Monday 22 January 2018

The Psychology of Justice: The Interface Between Psychology & Civil Law



Since the 1970’s, psychologists and psychiatrists have developed their expertise in providing expert witness services in civil claims for personal injury and medical negligence. By doing this, they have helped lawyers and the courts understand more about diagnosis, causation and prognosis. However, the relevance of psychology and psychological medicine has a much wider applicability to the civil justice system. In Tort Law, the focus is on Justice as the goal, ensuring a more fair, equitable, holistic and reliable outcome to a personal injury event. This is in addition to the quantum assessment of damages and attempts to conduct the process efficiently. 

Understanding and measuring ‘justice’ is a challenge due to its complex multi-dimensional nature. Both claimants and defendants of claims need to be assured that medico-legal process goals are balanced fairly with justice goals, making civil claims more ‘just’ and ‘better’, not just faster and cheaper. Increasing attention is now being centred on how psychological and social processes affect civil justice and the way it is carried out in the UK and other countries, both in Europe and North America. Starting at the point of a personal injury event such as a road traffic accident or work accident through to the conclusion of litigation, there are many psycho-social processes involving claimants, lawyers, medical experts, barristers and the judiciary which can affect any one particular case and assessment of damages. The main branches of psychology which are applicable to the medico legal trail.

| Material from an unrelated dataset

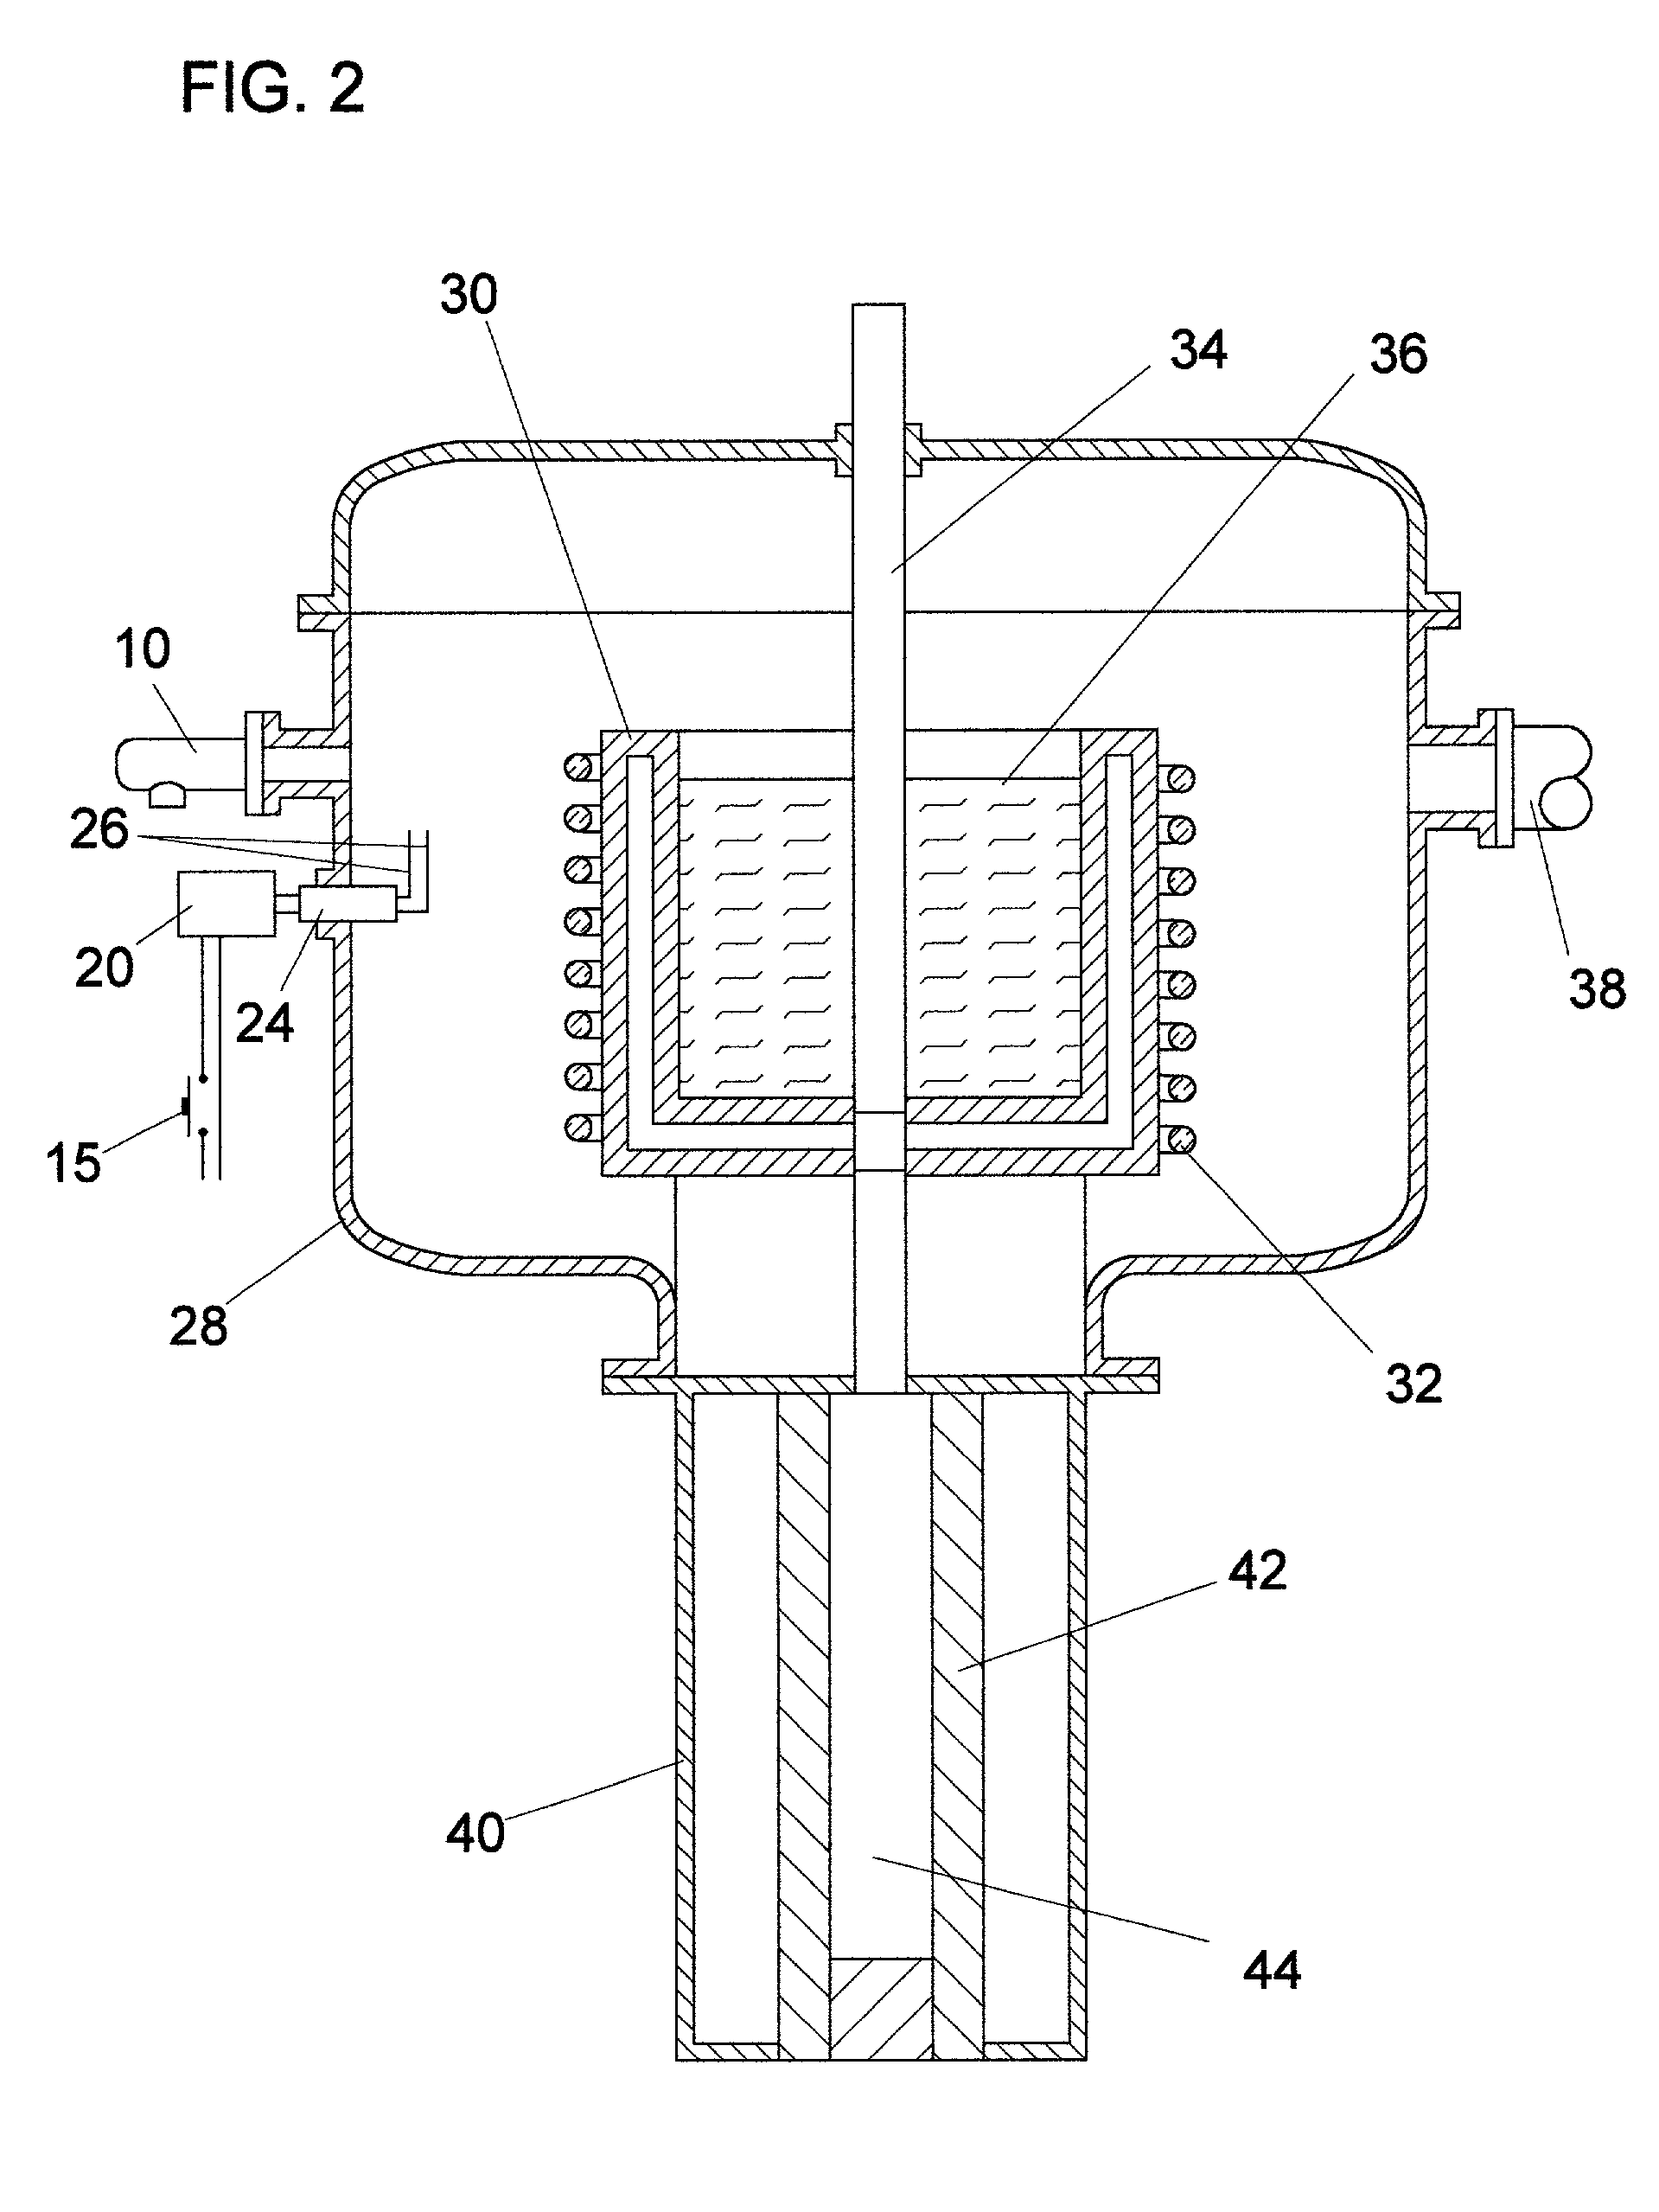 Device and method to mitigate hydrogen explosions in vacuum furnaces

It is important that both academic and practitioner groups are active in promoting the understanding of the interface between Law (and legal systems) and Psychology in the context of civil cases and litigation, and thereafter to provide education to legal students and practitioners on these issues. This collaboration should inform the scientific, medical and psychological communities on the one hand, and legal communities on the other, and also the public, about current research and practice in the area of science and law. Civil courts admit evidence from health care experts in order to assess injury and determine quantum. It points to a need for Law and Psychology to address the use of science, and both sectors’ narrow constructions of rationality and logicality which can often have the effect of divorcing science and ‘facts’ from their psychological and social context.